A Tale of Two Epidemics

Monday, January 08, 2007

The irony of two recent New York Times stories, running two days apart, was not lost on me. Today I learned that chunky, and even not so chunky, children are being tormented by weight report cards from their schools. Only Saturday I read that the fashion industry is struggling over the concept of weight requirements for their increasingly cadaverous models. Two sides of the same coin really; these twin epidemics of obesity and anorexia. And lost in the divide between them, any real concept of health.











You can never be too rich...
We have for too long equated "thin" with "healthy." I know far too many ideally thin girls who start their day with coffee and a cigarette, to buy into that notion. I've also known many heavy women who are far more healthy and energetic than their skinny counterparts. Such simplistic shorthand is based far more in lookism than in any real indicators of health and wellness. It does not address the prevalence of say, fitness freaks I've known who stopped menstruating in their twenties because of their lack of body fat. Some of them looked great, though.

This is certainly not to say that obesity is healthy; only that the issue is far more complex and subjective than can be addressed in standardized "report card." Such an approach can only exacerbate the self esteem issues that most girls and an increasing number of boys experience over body image. Just ask the mother of six-year-old Karlind Dunbar, profiled in the New York Times story.

The problem was the letter Karlind discovered, tucked inside her report card, saying that she had a body mass index in the 80th percentile. The first grader did not know what “index” or “percentile” meant, or that children scoring in the 5th through 85th percentiles are considered normal, while those scoring higher are at risk of being or already overweight.

Yet she became convinced that her teachers were chastising her for overeating.

Since the letter arrived, “my 2-year-old eats more than she does,” said Georgeanna Dunbar, Karlind’s mother, who complained to the school and is trying to help her confused child. “She’s afraid she’s going to get in trouble,” Ms. Dunbar said.

Mrs. Dunbar should be concerned as more and more girls succumb to a life-threatening body dysmorphia. The obsession with "thin" has spawned a generation of acolytes of "Ana."

They call her “Ana.” She is a role model to some, a goddess to others — the subject of drawings, prayers and even a creed.

She tells them what to eat and mocks them when they don’t lose weight. And yet, while she is a very real presence in the lives of many of her followers, she exists only in their minds.

Ana is short for anorexia, and — to the alarm of experts — many who suffer from the potentially fatal eating disorder are part of an underground movement that promotes self-starvation and, in some cases, has an almost cult-like appeal.

Followers include young women and teens who wear red Ana bracelets and offer one another encouraging words of “thinspiration” on Web pages and blogs.












Or too thin.
Then, as if conjured by the hallucinations of a thousand starving girls, a real-life Ana died of complications of anorexia.

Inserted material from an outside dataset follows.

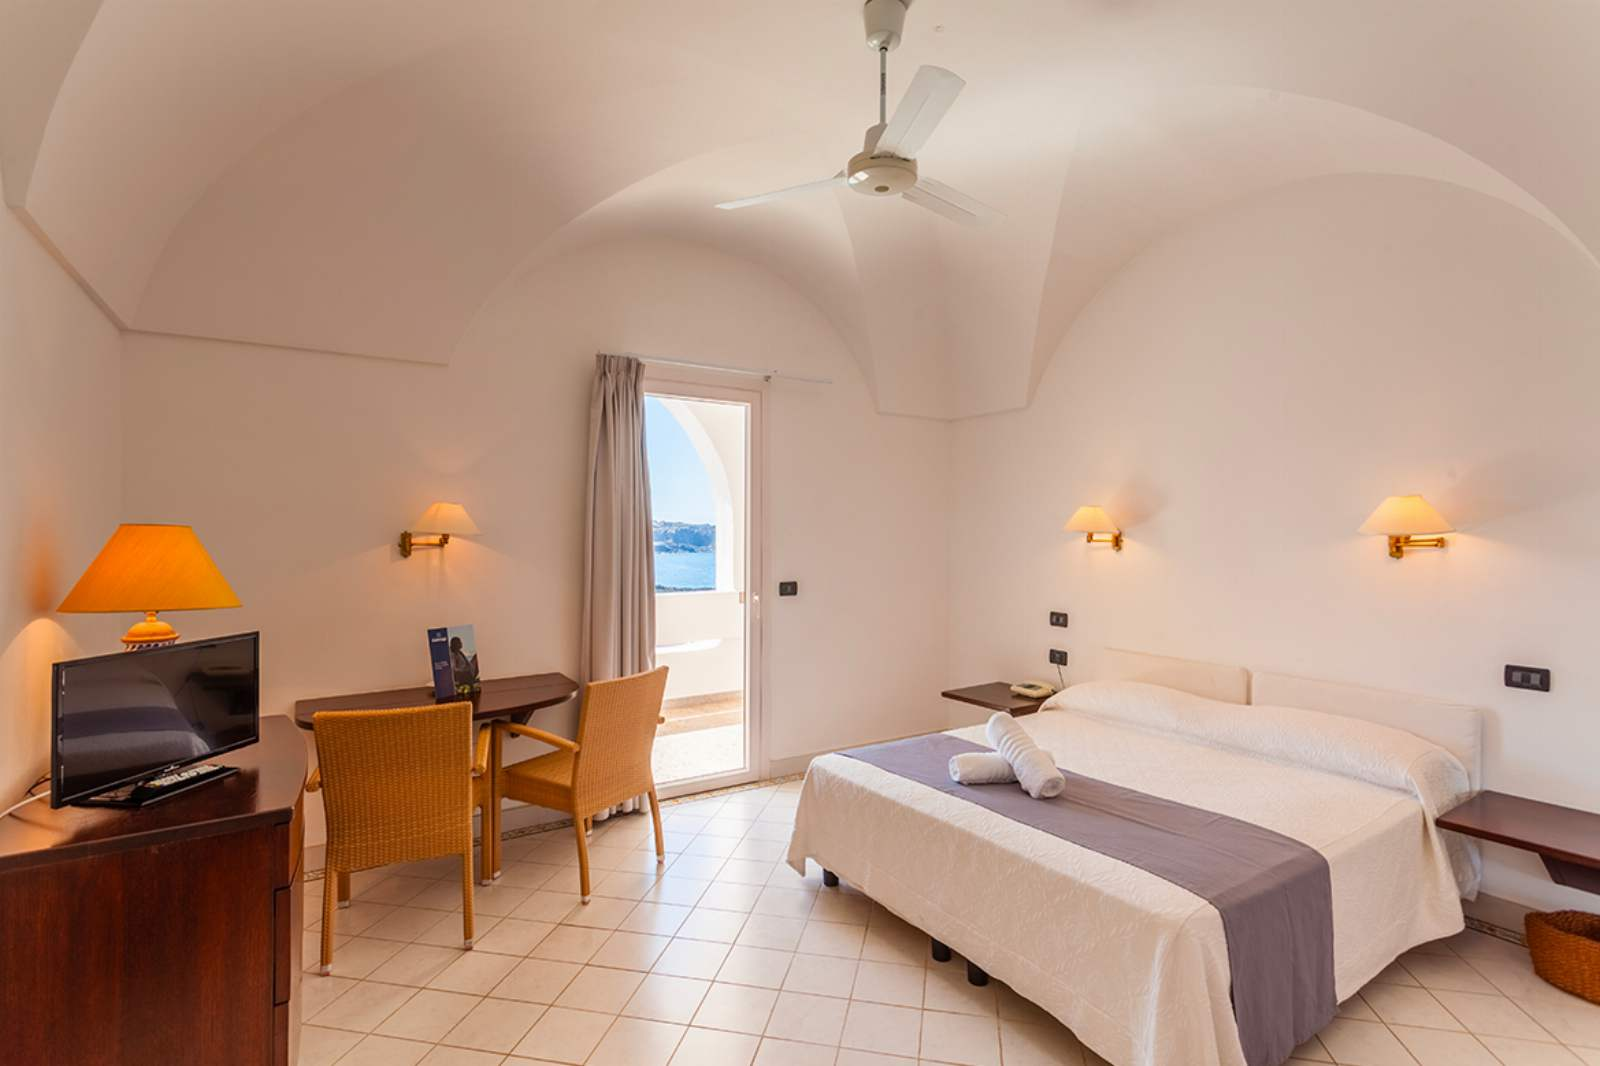 Mursia Resort & Spa: room / property / locale photo. Image 3

Brazilian model Ana Carolina Reston, died of self-imposed starvation, sending a chill through a fashion industry already under scrutiny for parading skeletons down runways from New York to Milan.

The response from the fashion industry has been unsurprisingly superficial.

According to participants at the meeting, the recommendations are likely to include scheduling fashion-show fittings with younger models during daylight hours, rather than late at night, to help them get more sleep; urging designers to identify models with eating disorders; and introducing more nutritious backstage catering, where a diet of Champagne and cigarettes is the norm.

There are no plans to require models to achieve an objective measure of health like a height-to-weight ratio, which was imposed by Madrid in September, a move that brought much public attention to the issue.

I can't help but wonder if models were packing on the pounds like those at-risk school children around the country, if the response would be as blase. Methinks that in a an industry by whose contemporary standards modeling greats of time of yore -- such as Cindy Crawford -- would be considered real chunkos, the response would be far more draconian than the report cards embraced by public schools.

But here is the real tragedy. At both extremes of this weight dichotomy is the same problem: malnutrition.

Here, in the rural Southern Tioga School District, the schools distribute the state-mandated reports even as they continue to serve funnel cakes and pizza for breakfast. Some students have physical education for only half the school year, even though 34 percent of kindergartners were overweight or at risk for it, according to 2003-4 reports.

Even health authorities who support distributing students’ scores worry about these inconsistent messages, saying they could result in eating disorders and social stigma, misinterpretation of numbers that experts say are confusing, and a sense of helplessness about high scores.

“It would be the height of irony if we successfully identified overweight kids through B.M.I. screening and notification while continuing to feed them atrocious quality meals and snacks, with limited if any opportunities for phys ed in school,” said Dr. David Ludwig, director of the Optimal Weight for Life program at Children’s Hospital Boston.

So let me see if I understand the formula. Evaluate kids and be sure to tell them when they fail to meet the bar, then provide no real means for support or improvement. That sounds about right for the public school system.

None of this even addresses the problems of depleted soil and pesticide laden food that is poisoning overfed Americans and tearing apart our immune systems. We are a nation literally growing fat on deprivation; starving to death in the land of plenty.